In-house advocacy teams at law firms are more ‘modern, efficient and cost effective’ than traditional chambers, a City practice has said, predicting growth in the number of law firms recruiting barristers.
Jason Ford, chief executive of DWF’s ‘Connected Services’ offering, told that Gazette that the legal market is changing ‘rapidly’ and that clients now seek ‘end-to-end solutions’.
‘The profession has been split for hundreds of years but it’s slightly artificial to have a solicitor running a case, but when it comes to needing representation in court then it must done by a separate organisation,’ Ford said. ‘Having a barrister in your stable rather than as someone you have to instruct at arm’s length makes life dramatically better, both for the solicitor involved and also for the client.’
Ford predicted that other City practices will create their own in-house chambers in the near future. ‘We are already seeing that other firms…are looking at our model and thinking “that’s a good model” and looking to replicate it,’ he said.

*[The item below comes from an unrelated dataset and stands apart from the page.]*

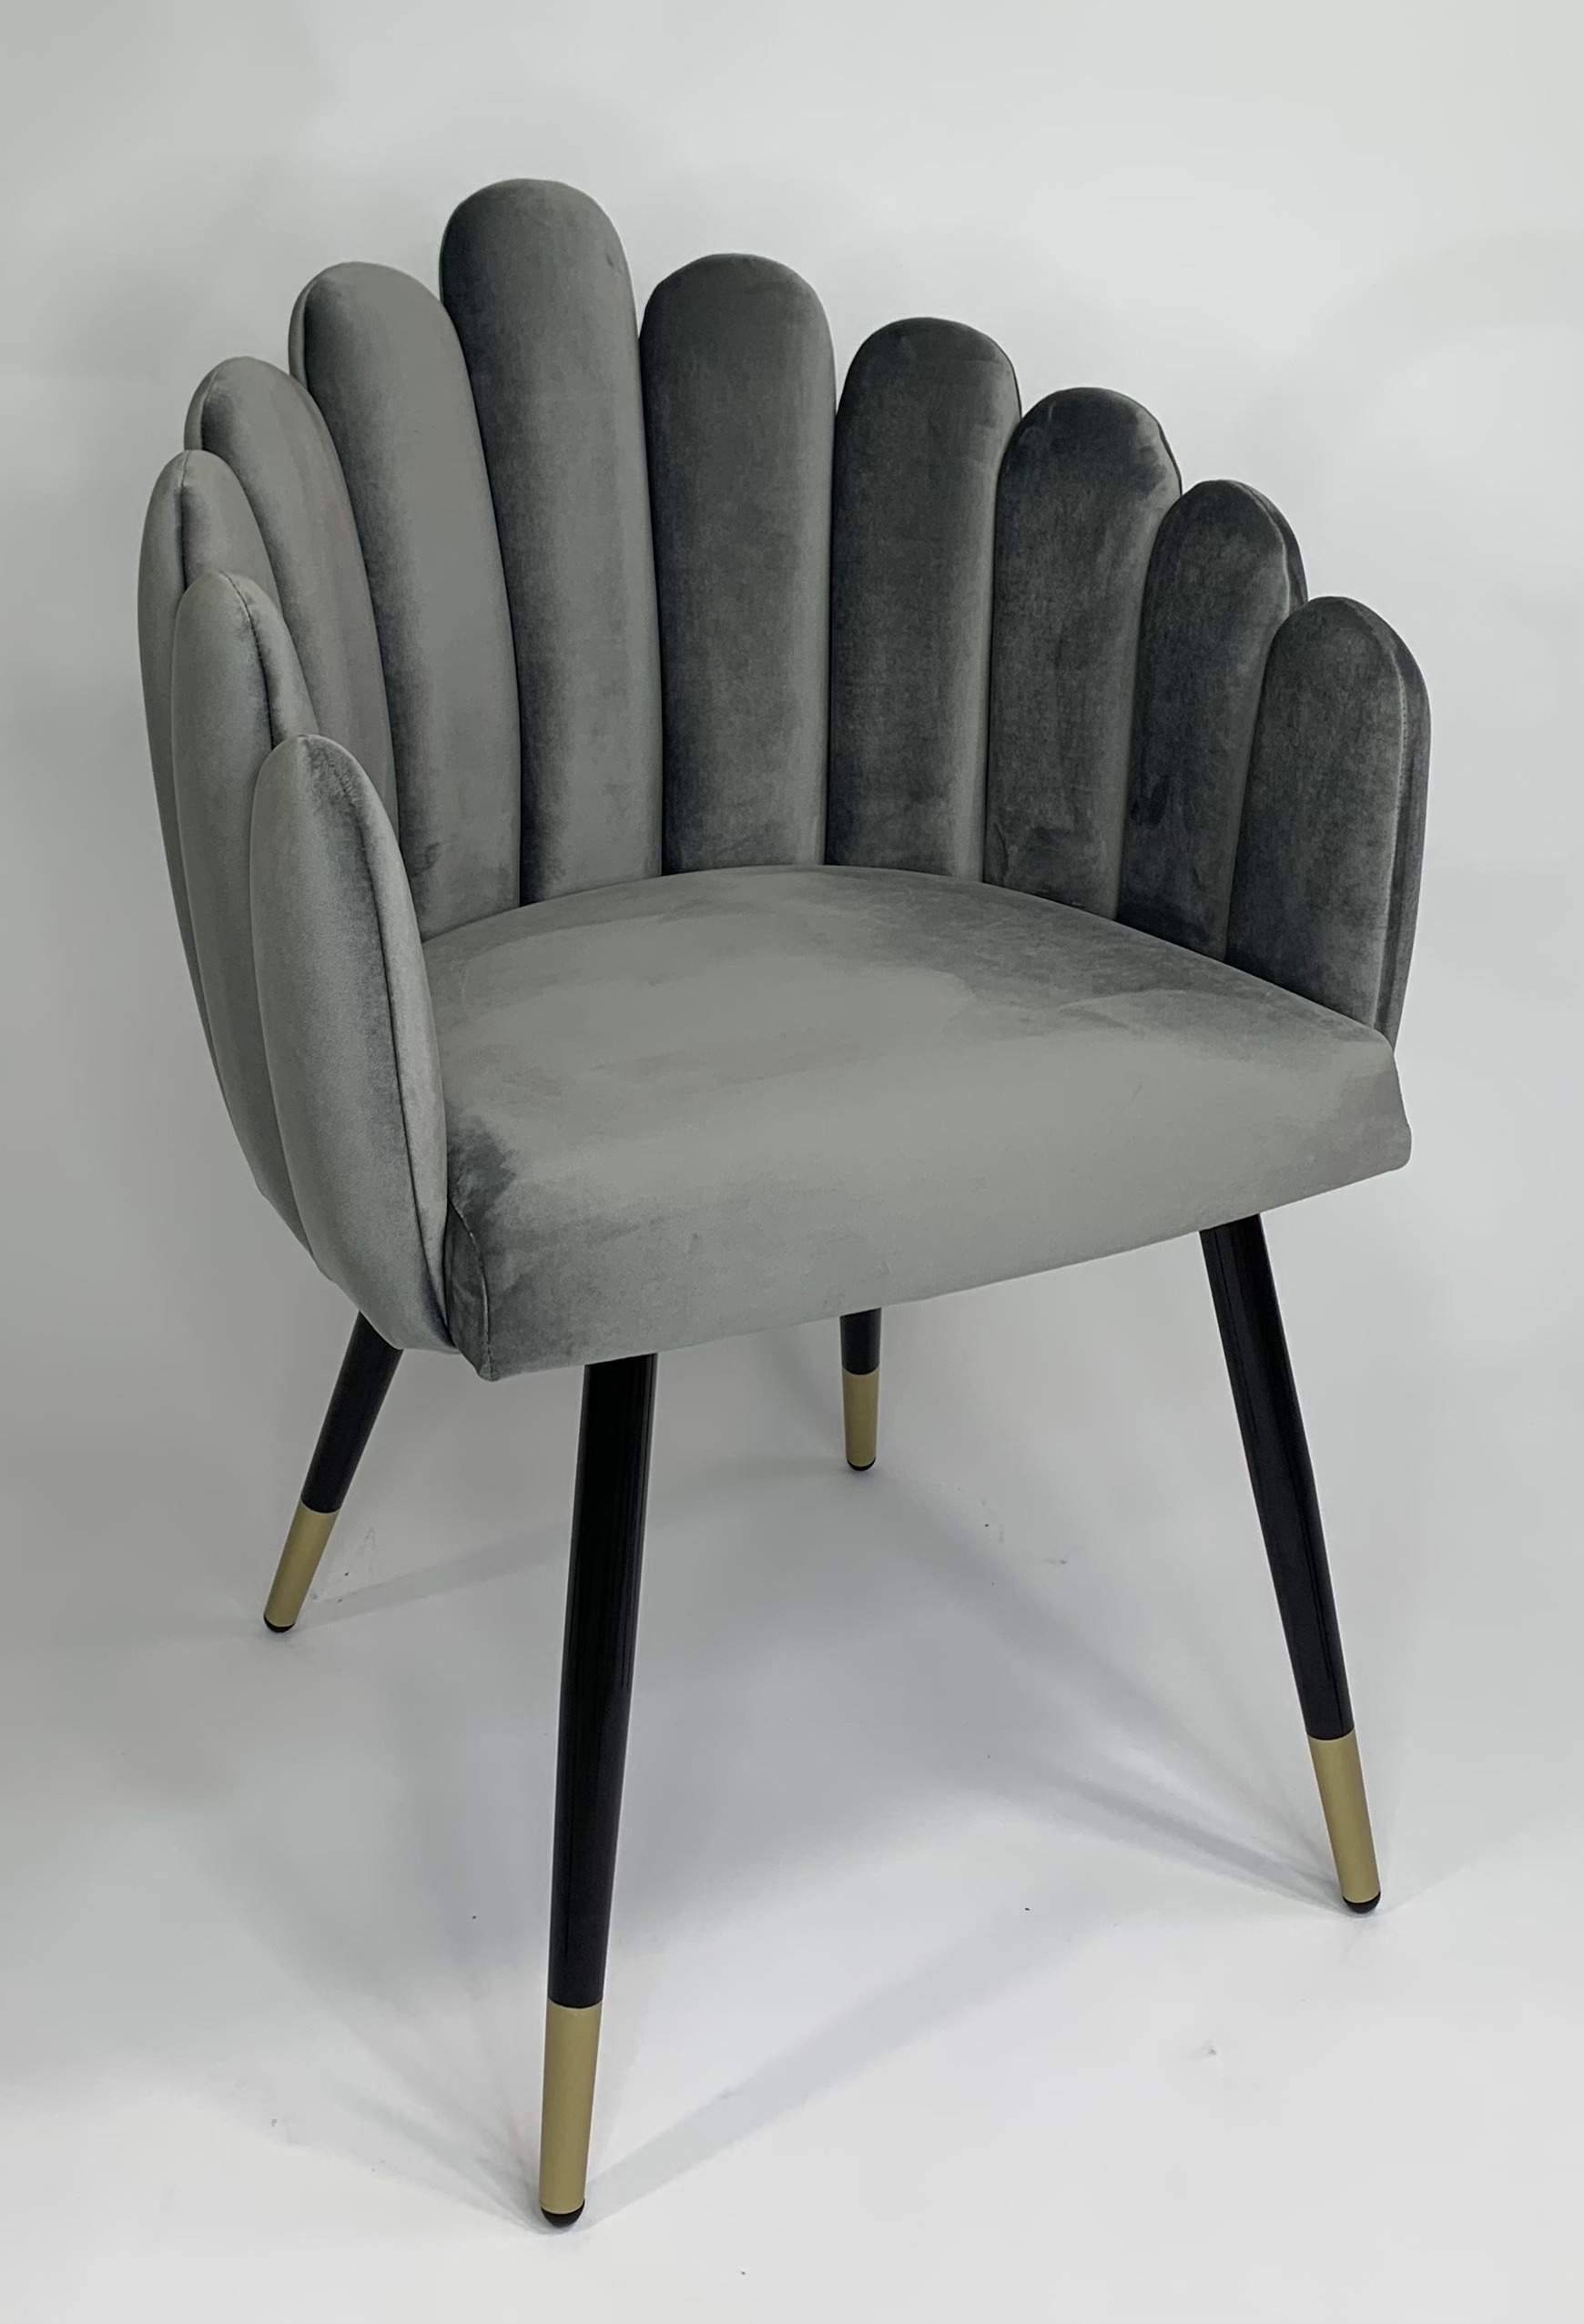 90203169 Стул-кресло для кухни/гостинной/спальни цвет серый Ракушка STLM-0131116 MILAVIO

Stephen Pritchett, new head of DWF’s in-house advocacy team, said he is looking to recruit more barristers to ensure a spread of expertise, including in commercial litigation and employment law.
‘Are we going to replace external chambers? The answer is almost certainly no. That’s not our aim. There will always be a place for external chambers and there will always be a place for specialist advocates,’ Pritchett said.
‘But the vast majority of cases that come our way are through our big providers – insurance companies, multi-nationals – where they are sending a lot of bulk work through. There’s a huge attraction to being able to deal with that “ordinary” type work that doesn’t require that external specialisation.’
Pritchett joins DWF from 23 Essex Street Chambers. He was called to the Bar in 1989.